You could rent or borrow drywall stilts. Halloween USA has a really cool giant mask for around $45-$50, I'm sure you could find them elsewhere. You could make an oversized cloak, then cover it with shreds/strips of fabric until the original cloak is no longer visible. I don't know if you can picture what I'm getting at, but I've seen the fabric shred thing done at Halloweekends and thought it would look so cool done large-scale. Just a thought.


----------



## Johnmonster

One year when I went to Scarborough Faire there was a guy in stilts done up as the Green Man. He was wearing close fitting green clothing that was draped and interweaved with plastic ivy vines. I always thought something like that would be neat if you did it with fake antlers atop your head. The guy at the Fair had the stilts that are made for running, and watching him jog around in them was pretty neat.

Likewise, a cool stilt costume would be the Lord of the Hunt, from the Celtic myth of the Wild Hunt. There was a illustration of him in the old Deities and Demigods sourcebook for AD&D and I thought it was super cool. He wears a great helm with antlers, some armor, and a long dark cloak. That would be fairly easy to pull off, I think.
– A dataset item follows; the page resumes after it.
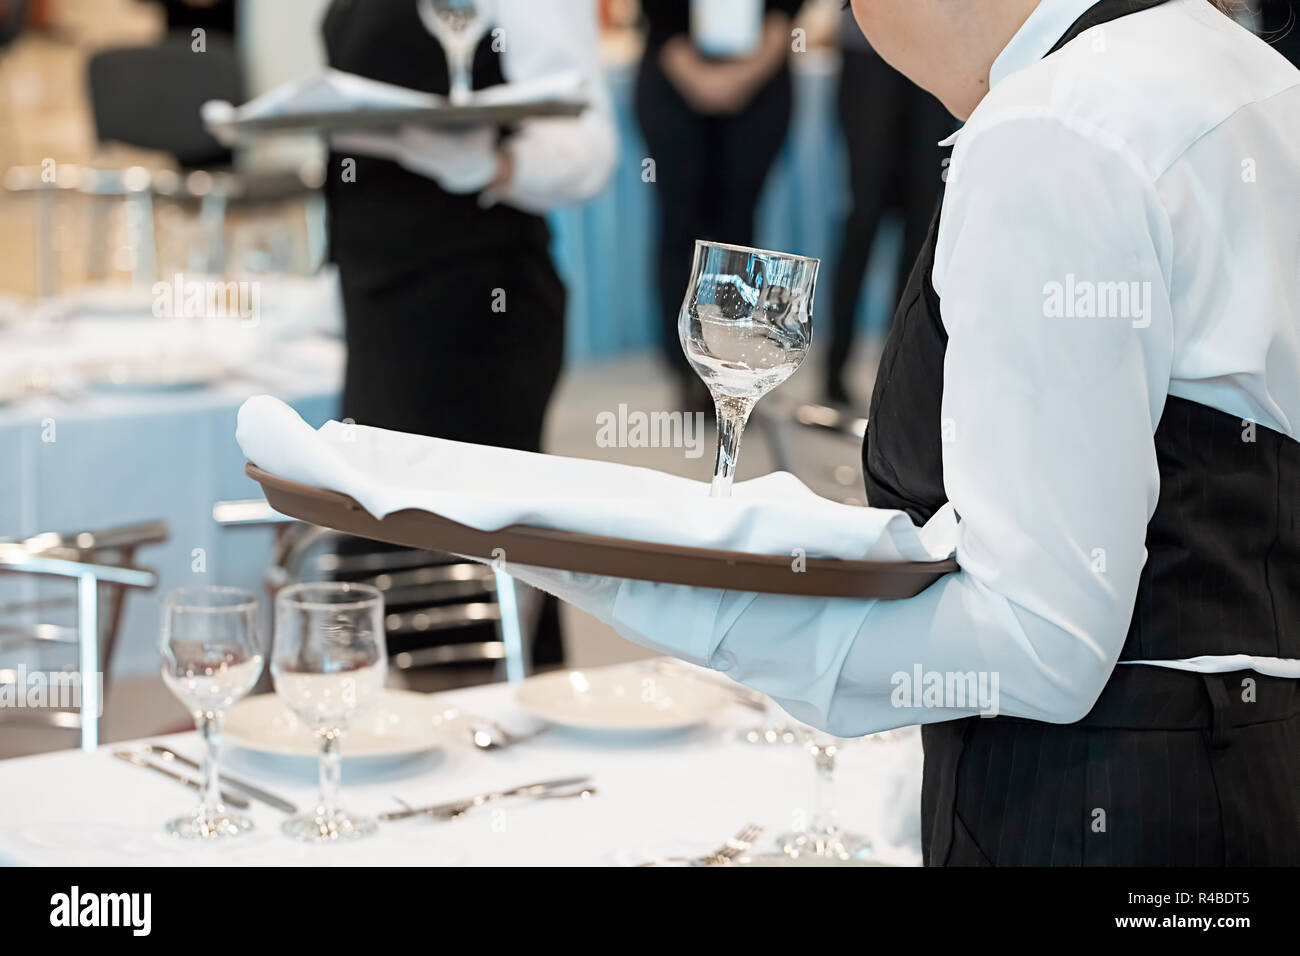 Waitress dressed in the uniform serving a set of wine glasses Stock Photo

With either of these ideas, however, I'd avoid the woods during hunting season.


----------



## The-Haunter

At the ren faire in mi there is a guy who dresses as a ent(tree man) he uses cane type things to help and give a more broken tree look


----------



## xdmray

I did a stilt costume two years ago. Because i was on all fours though, i wasn't too tall. but i could walk upright.


----------



## Johnmonster

Fantastic costume, xdmray. You designed and made the whole thing? Do I detect alien shoulders as ears on it? I HAVE to come up with something similar for our Haunt, it would be incredible as a crowd-bringer.

Bravo!


----------



## xdmray

Johnmonster said:


> Fantastic costume, xdmray. You designed and made the whole thing? Do I detect alien shoulders as ears on it? I HAVE to come up with something similar for our Haunt, it would be incredible as a crowd-bringer.
> 
> Bravo!


i'm not sure what you mean by alien shoulders. but i did design and build it myself with the help of some sewing from my awesome mother. i'm still not as good of a seamstress as she is.
the ears are made of Foamies. and the horns are pool board foam wrapped in foamies with some Great Stuff.
thanks for the kudos


----------



## Johnmonster

Ah, I see..what looked like shoulders of a Giger alien to me was actually the horns. I just saw them and my mind decided that's what they were and I was stuck with the notion. Unfortunately I tend to look at all sorts of things and see aliens.


----------